### Assignment
Emit a verbatim copy of the lines below from the line with "Jocuri logice, Pozitii" through the line with "2016 Honda Hrv", excluding pictures and everything outside that range.

### Information provided
· · · ·

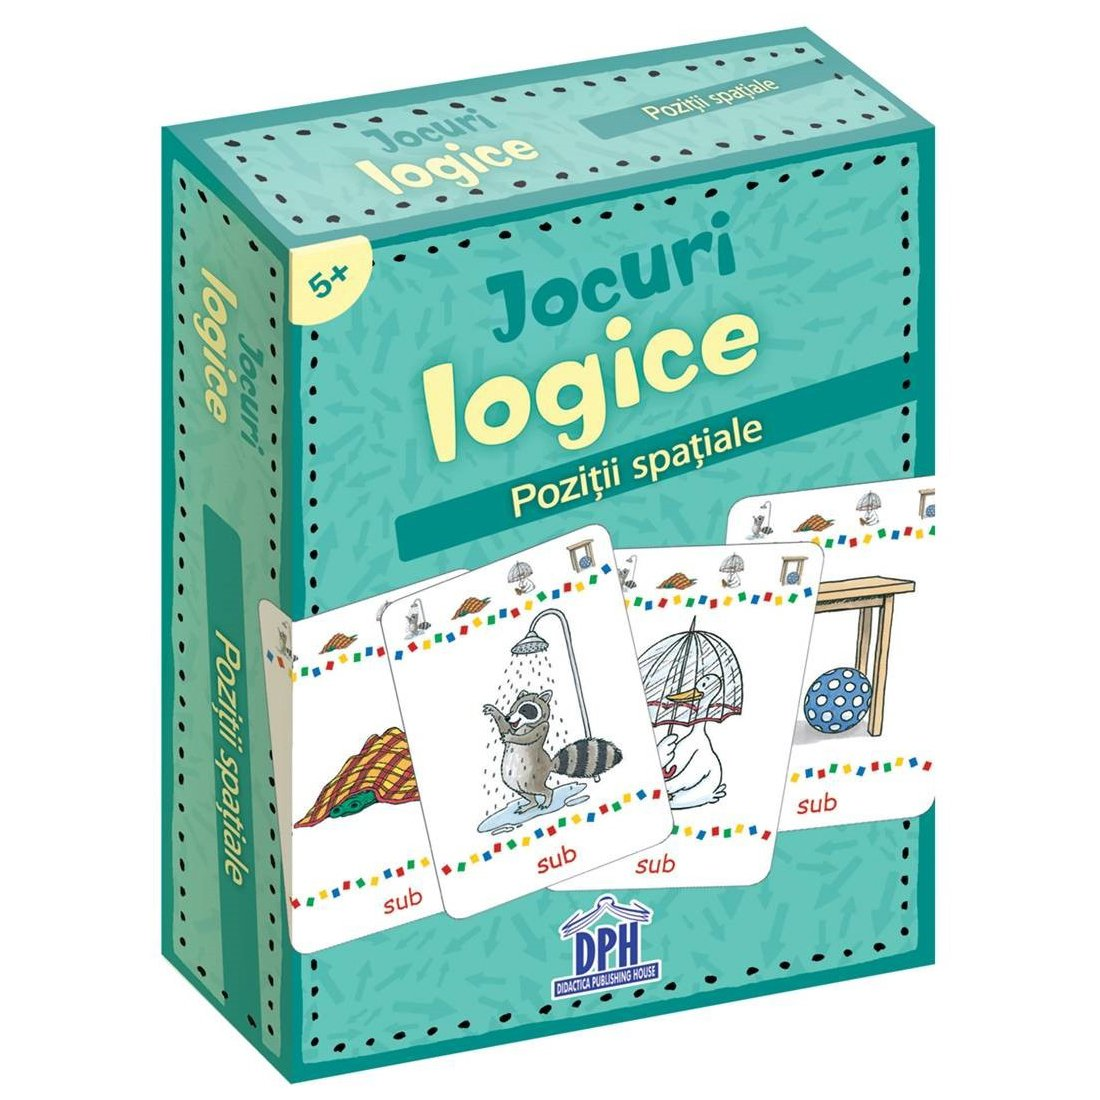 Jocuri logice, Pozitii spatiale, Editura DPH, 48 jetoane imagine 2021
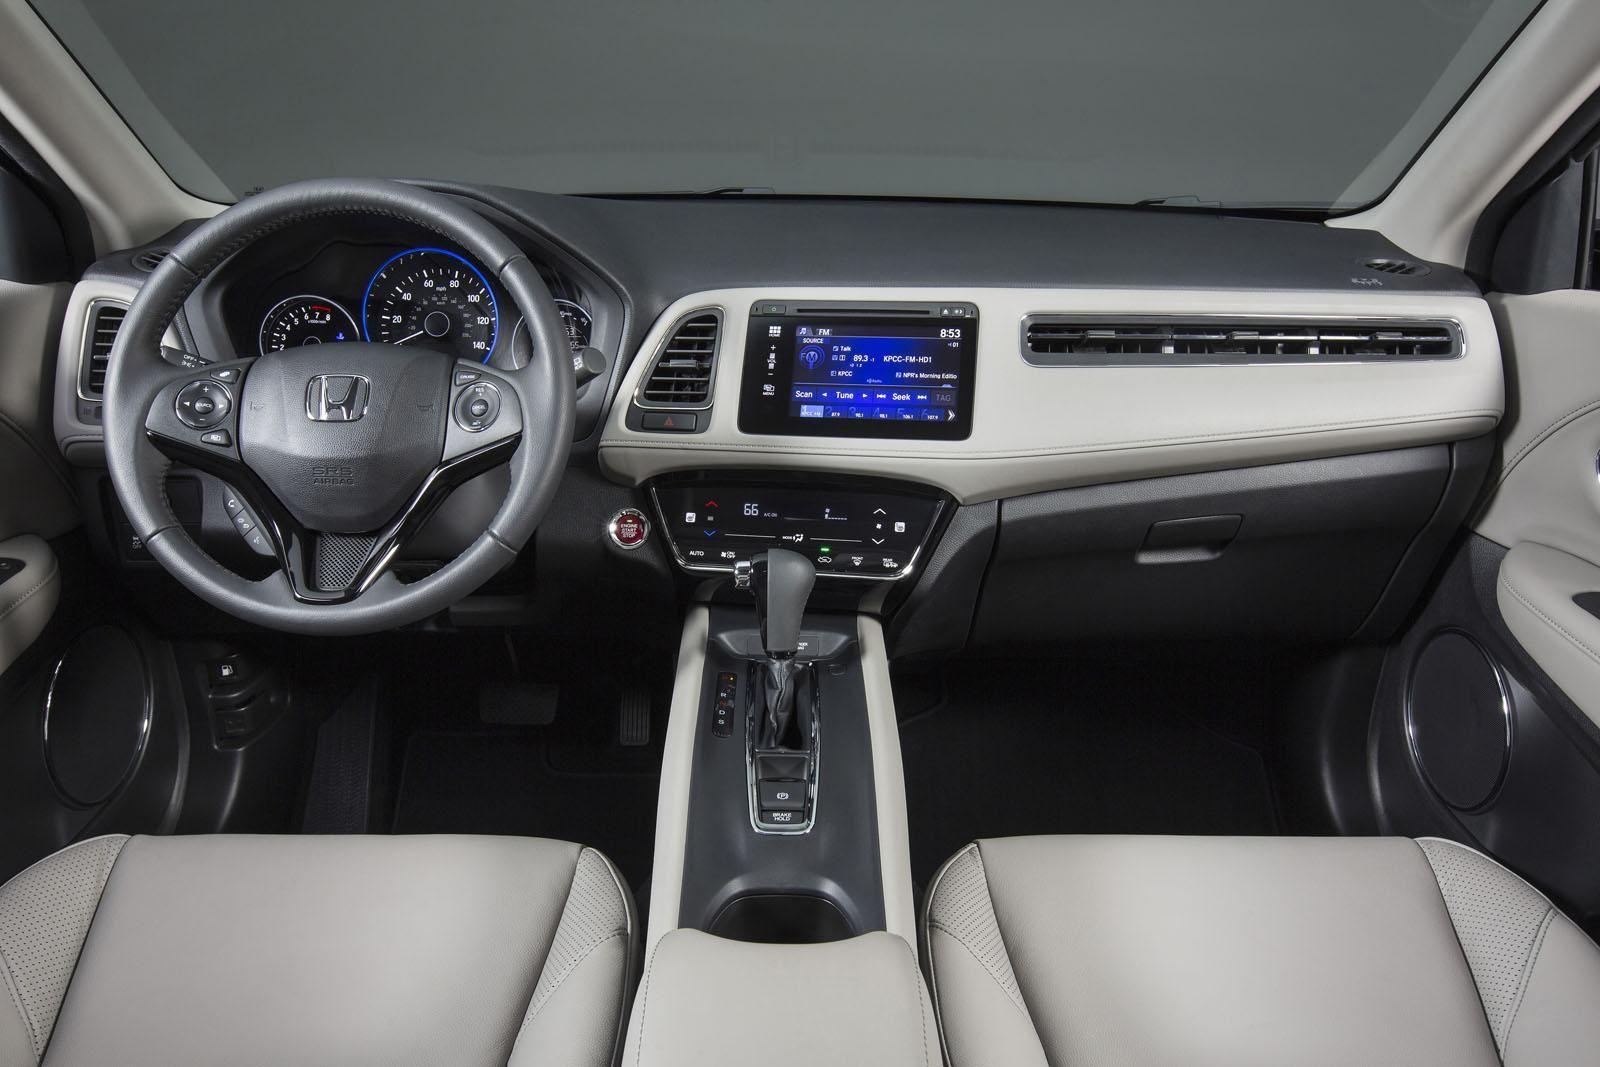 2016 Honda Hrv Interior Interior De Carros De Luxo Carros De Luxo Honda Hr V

· · · ·

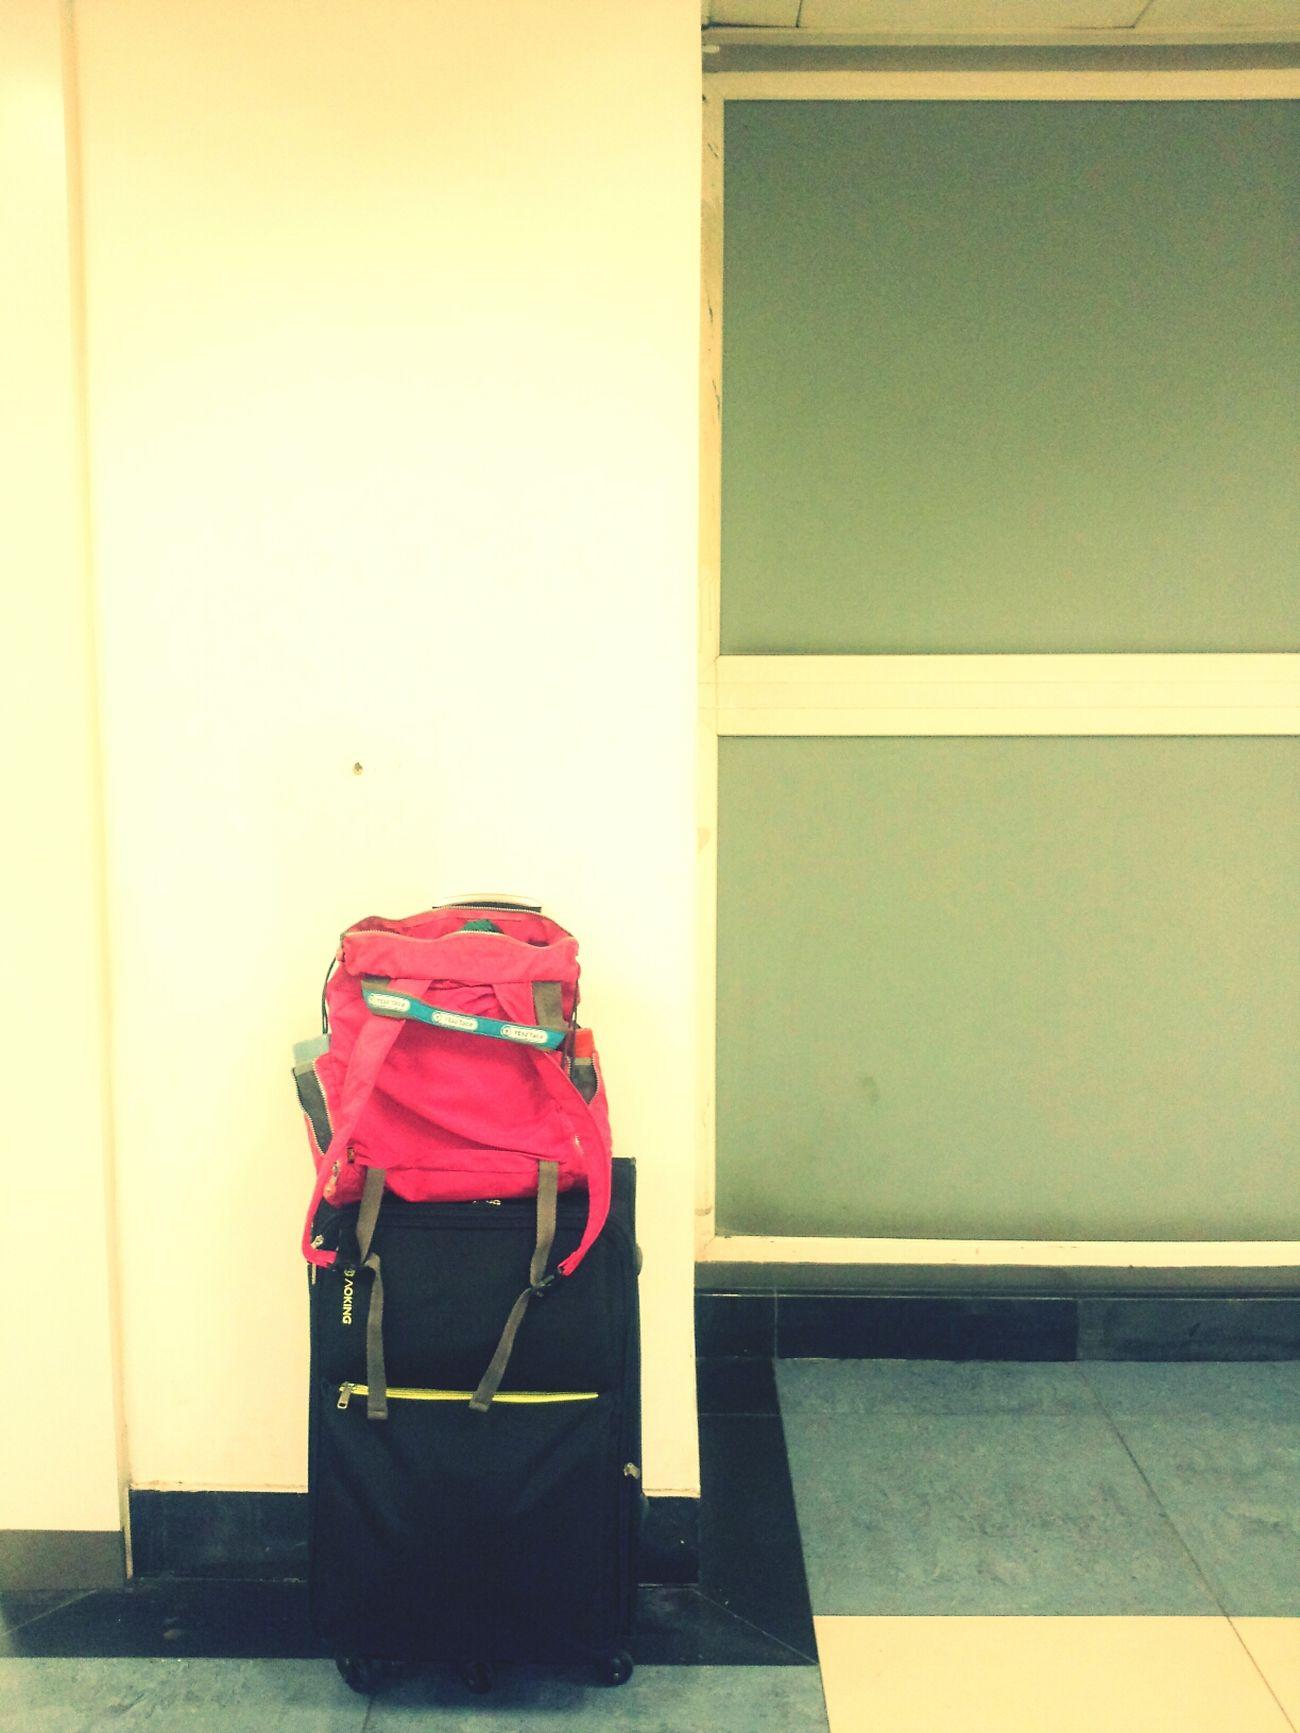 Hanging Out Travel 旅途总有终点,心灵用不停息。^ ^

· · · ·

### Answer space
 Jocuri logice, Pozitii spatiale, Editura DPH, 48 jetoane imagine 2021
 2016 Honda Hrv Interior Interior De Carros De Luxo Carros De Luxo Honda Hr V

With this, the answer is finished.